Consumer Price Index which measures inflation rate rose 2.7 percent in February, down from 3 percent recorded in January, the Office for National Statistics reported on Tuesday. Analysts had predicted 2.8 percent. Core inflation rate gained 2.4 percent in the month.
Producer prices grew at 2.6 percent in February, the lowest rate of increase since 2016. While annual input cost surged 3.4 percent, also the lowest since the Brexit referendum of June 2016.
Experts attributed the improvement to fall in fuel prices and the slowdown in food prices in recent months when compared to a year ago. However, the surged in pound value in the first quarter has helped lower import cost and help import-dependent businesses.
“Many of the early 2017 prices increases due to the previous depreciation of the pound have started to work through the system,” said Phil Gooding, head of CPI at the ONS.

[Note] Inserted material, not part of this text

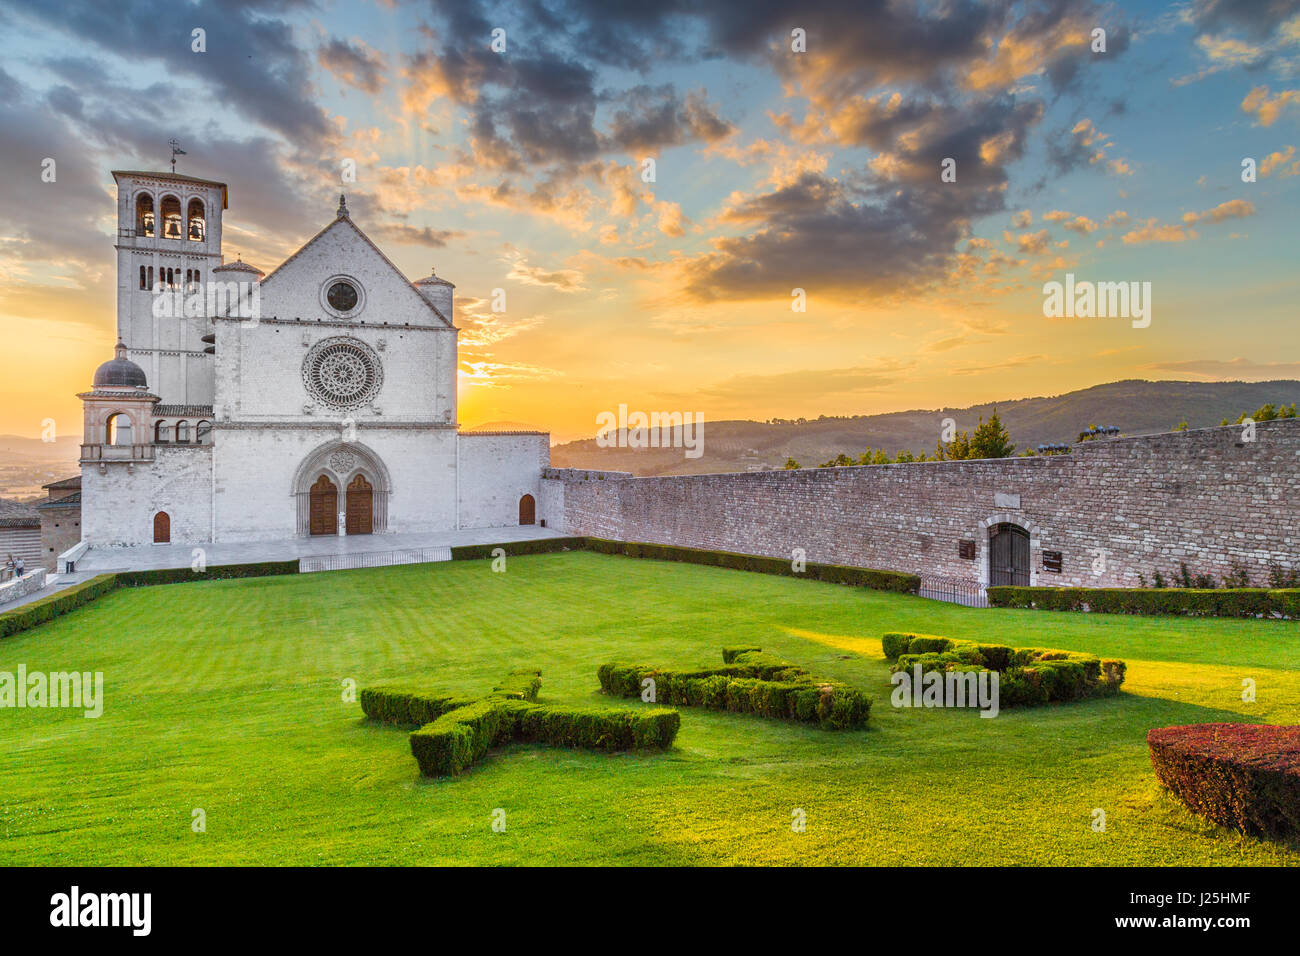 Berühmte Basilika des Heiligen Franziskus von Assisi (Basilica Papale di San Francesco) mit Pax melden Sie sich an schönen goldenen Abendlicht bei Sonnenuntergang, Umbrien, Italien Stockfoto
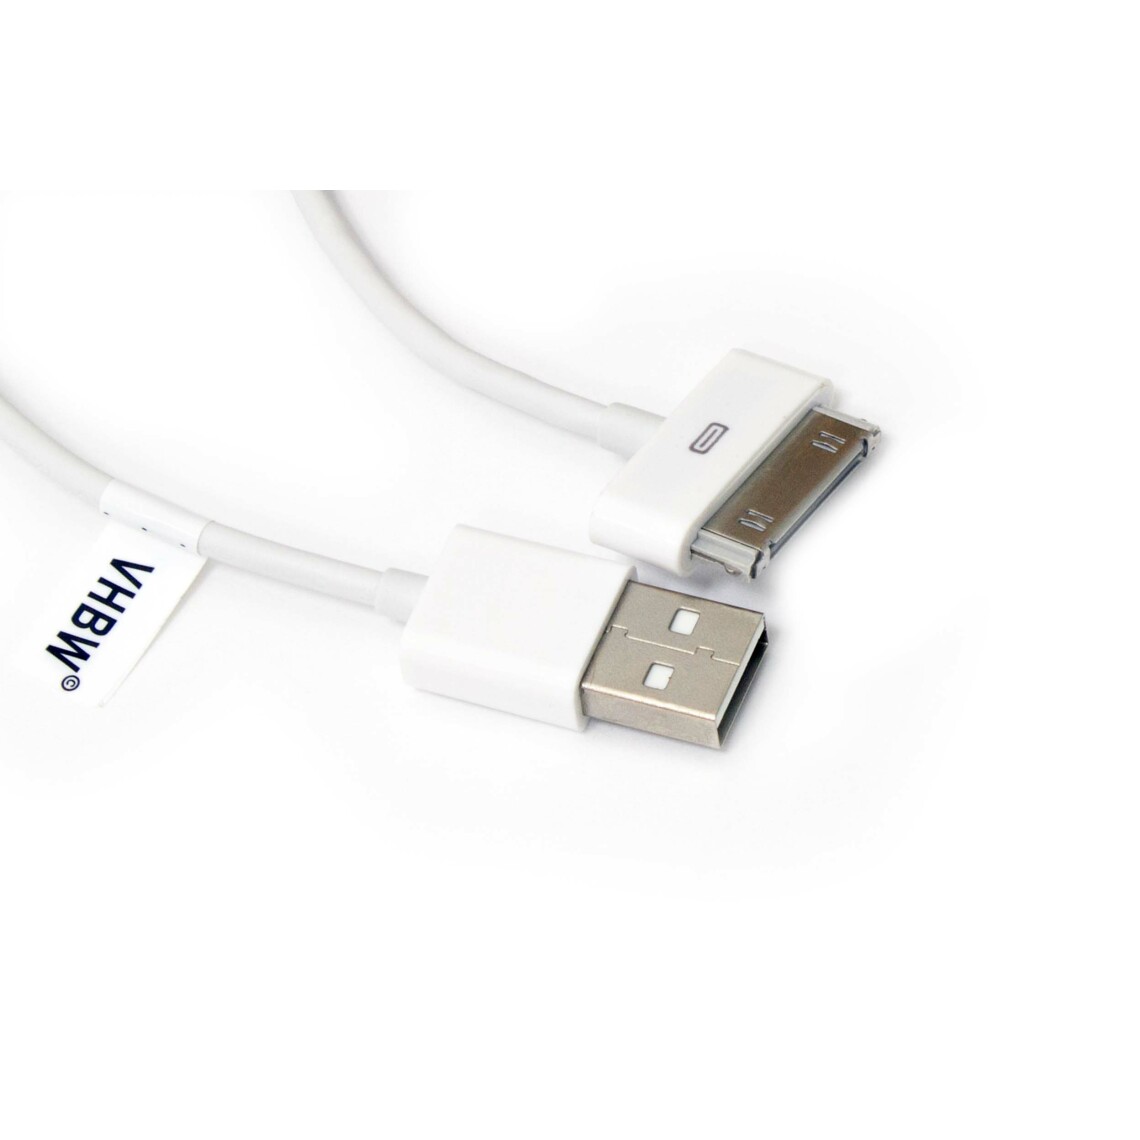 Vhbw - vhbw câble de données USB (type A sur iPod) compatible avec Apple iPod 5.5 Gen. (Video) - A1136 - 30Gb lecteur MP3 - blanc - Alimentation modulaire

The slowdown is expected to further help crystalize growth among consumers, who have struggled with persistent rise in prices and sluggish wage growth in the past year. Also, sales in the retail sector are expected to pick up if current pound appreciation is sustained, especially now that the Brexit transition agreement is receiving positive attention.
This, improved inflation number and U.K. economic resilience will renew business confidence and support the widely expected Bank of England’s rate hike in May.
However, prices remained high in clothing and footwear, especially women’s shoes. Furniture, routine maintenance and household equipment also contributed to the annual surge in prices.
The British Pound gained 0.1 percent against the Japanese Yen to 148.93 price level. Breaking the ascending trendline for third consecutive weeks, however, a close above that level should further validate rebound and open up the retest of 152.08 price level in days to come — provided no negative Brexit news.